-
Notifications
You must be signed in to change notification settings - Fork 110
Description
When running the GMRES solver with the HIP backend on AMD Instinct MI250X hardware (ROCm 6.4.3),
an assertion is triggered at every iteration of the solver:
accessor/accessor_helper.hpp:57: compute: Assertion `first < static_cast<IndexType>(size[dim_idx])' failed
The assertion fires exactly 4 times per iteration, starting from iteration 0, in a perfectly
systematic way. Despite the assertions, the solver converges correctly.
Environment
Ginkgo version v1.10.0
ROCm version 6.4.3-128
GPU AMD Instinct MI250X (gfx90a)
OS Linux
Build HIP backend, no MPI, no CUDA
Minimal reproducer
auto exec = gko::HipExecutor::create(0, gko::ReferenceExecutor::create());
auto A = share(gko::matrix::Csr<double>::create(exec, gko::dim<2>{N, N}));
auto rhs = gko::matrix::Dense<double>::create(exec, gko::dim<2>(N, 1));
auto u = gko::matrix::Dense<double>::create(exec, gko::dim<2>(N, 1));
auto solver = gko::solver::Gmres<double>::build()
.with_criteria(
gko::stop::Iteration::build().with_max_iters(2000),
gko::stop::ResidualNorm<double>::build()
.with_baseline(gko::stop::mode::rhs_norm)

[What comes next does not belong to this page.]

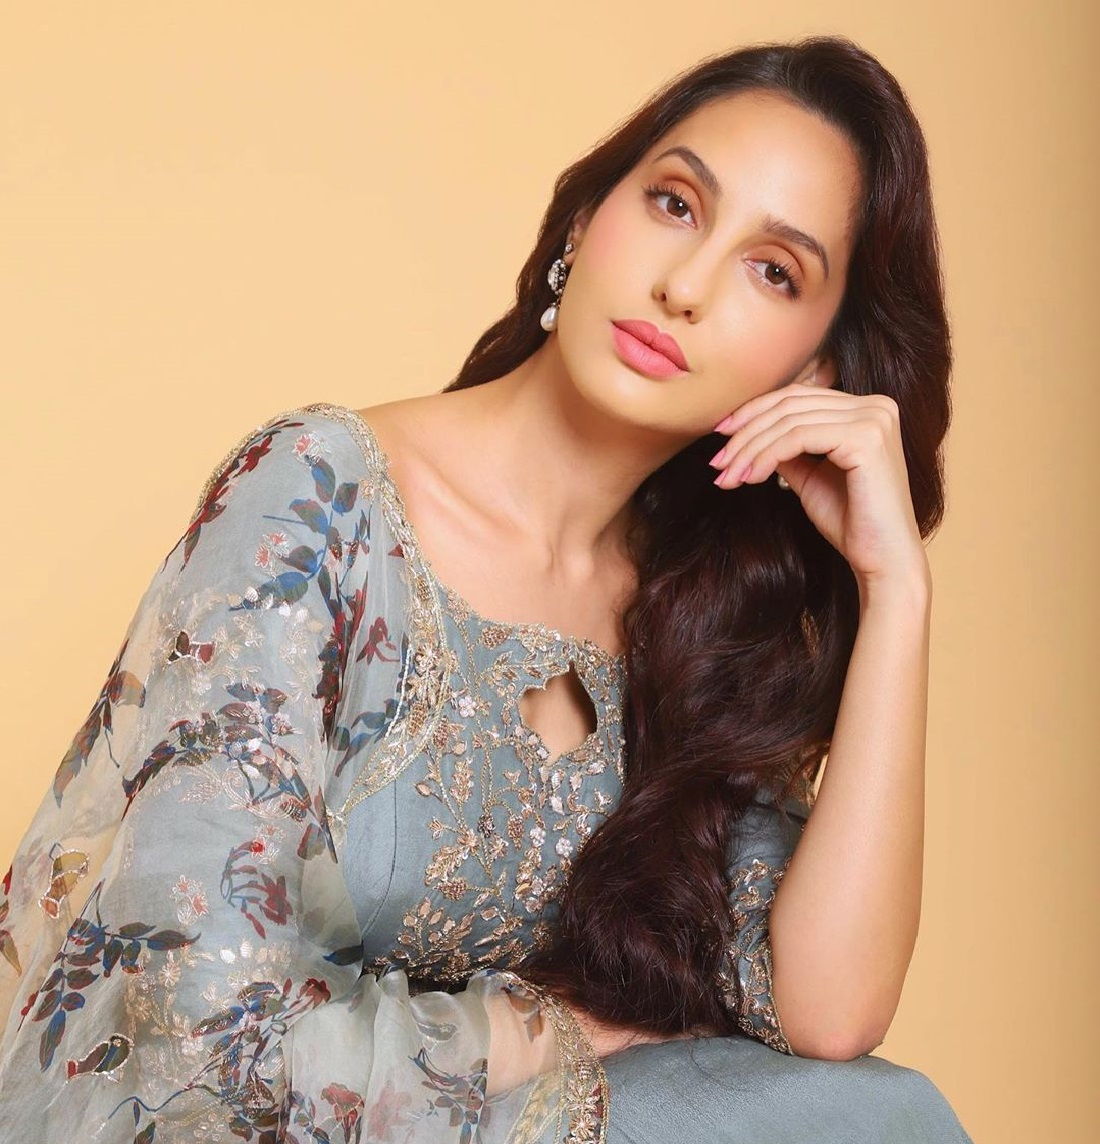 nora fatehi biography in hindi

.with_reduction_factor(1e-6))
.with_preconditioner(gko::preconditioner::Jacobi<double>::build())
.on(exec)->generate(A);
solver->apply(rhs, u);With N = 99792 (99792×99792 sparse CSR matrix, ~7 non-zeros per row).
Actual behavior
4 assertions per iteration, every iteration, from iteration 0:
[LOG] >>> apply started on A LinOp[gko::solver::Gmres<double>,...] ...

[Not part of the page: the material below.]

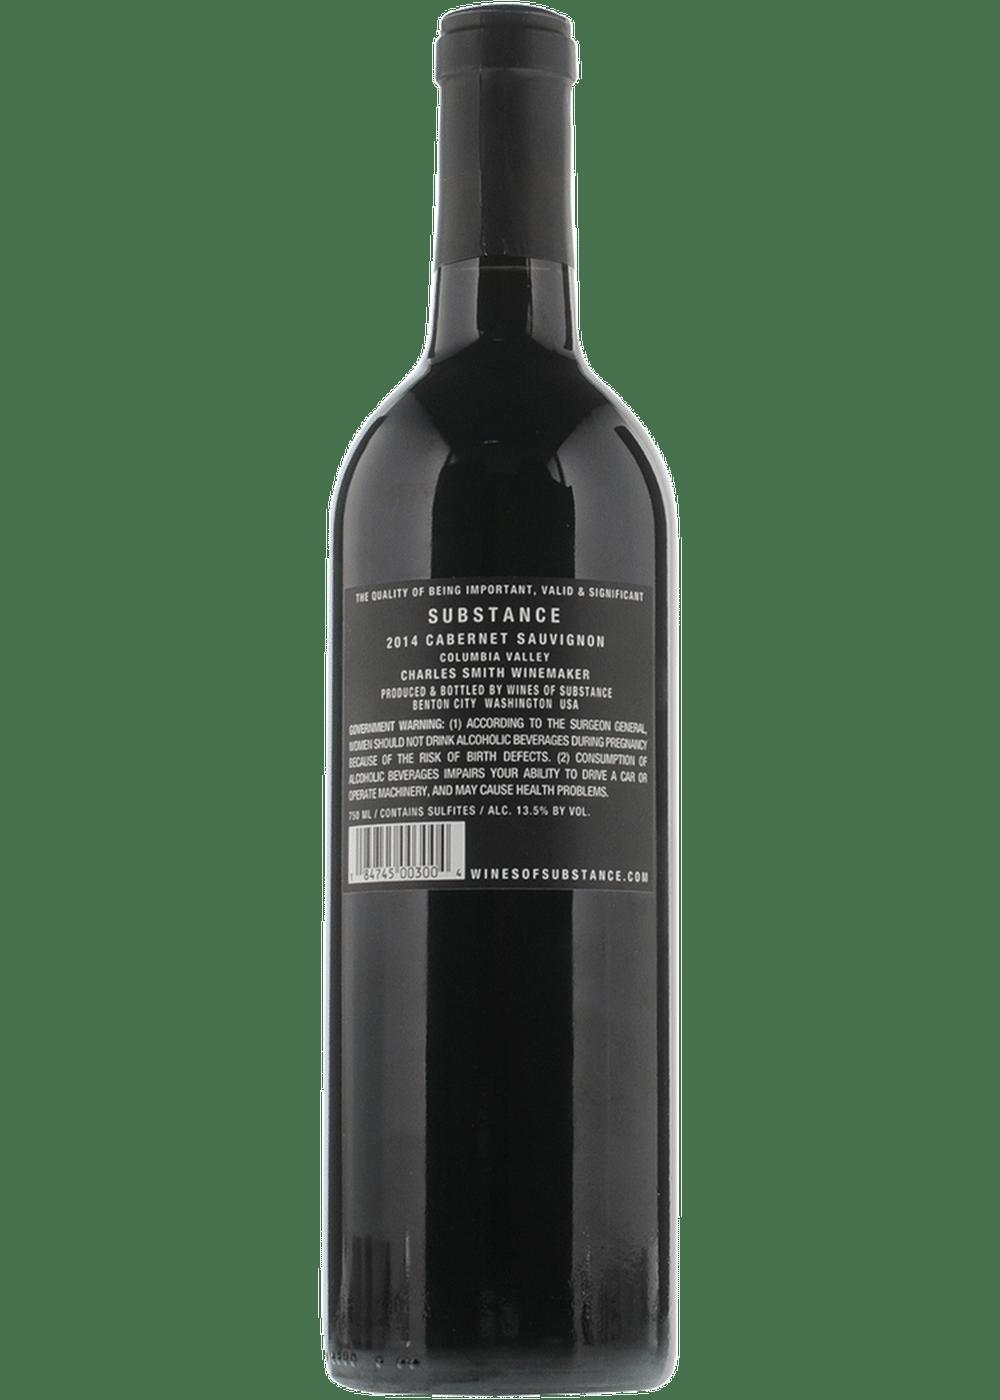 2019 Charles Smith Substance Cabernet Sauvignon 750ml

accessor/accessor_helper.hpp:57: compute: Assertion `first < static_cast<IndexType>(size[dim_idx])' failed
accessor/accessor_helper.hpp:57: compute: Assertion `first < static_cast<IndexType>(size[dim_idx])' failed
accessor/accessor_helper.hpp:57: compute: Assertion `first < static_cast<IndexType>(size[dim_idx])' failed
accessor/accessor_helper.hpp:57: compute: Assertion `first < static_cast<IndexType>(size[dim_idx])' failed
[LOG] >>> iteration 0 completed ... Stopped the iteration process false
accessor/accessor_helper.hpp:57: compute: Assertion `first < static_cast<IndexType>(size[dim_idx])' failed
...
The solver still converges (has_converged = 1, 175 iterations) but the assertions suggest
incorrect memory access patterns in the HIP kernels.
Steps to reproduce
- Build Ginkgo
v1.10.0with ROCm 6.4.3 and HIP backend (-DKokkos_ARCH_AMD_GFX90A=ON) - Create a GMRES solver with Jacobi preconditioner on a
HipExecutor - Call
solver->apply(rhs, u)on a sparse system of size ~100k - Observe assertions firing 4 times per iteration in
accessor_helper.hpp:57
In the hope that you can answer my question, thank you very much in advance.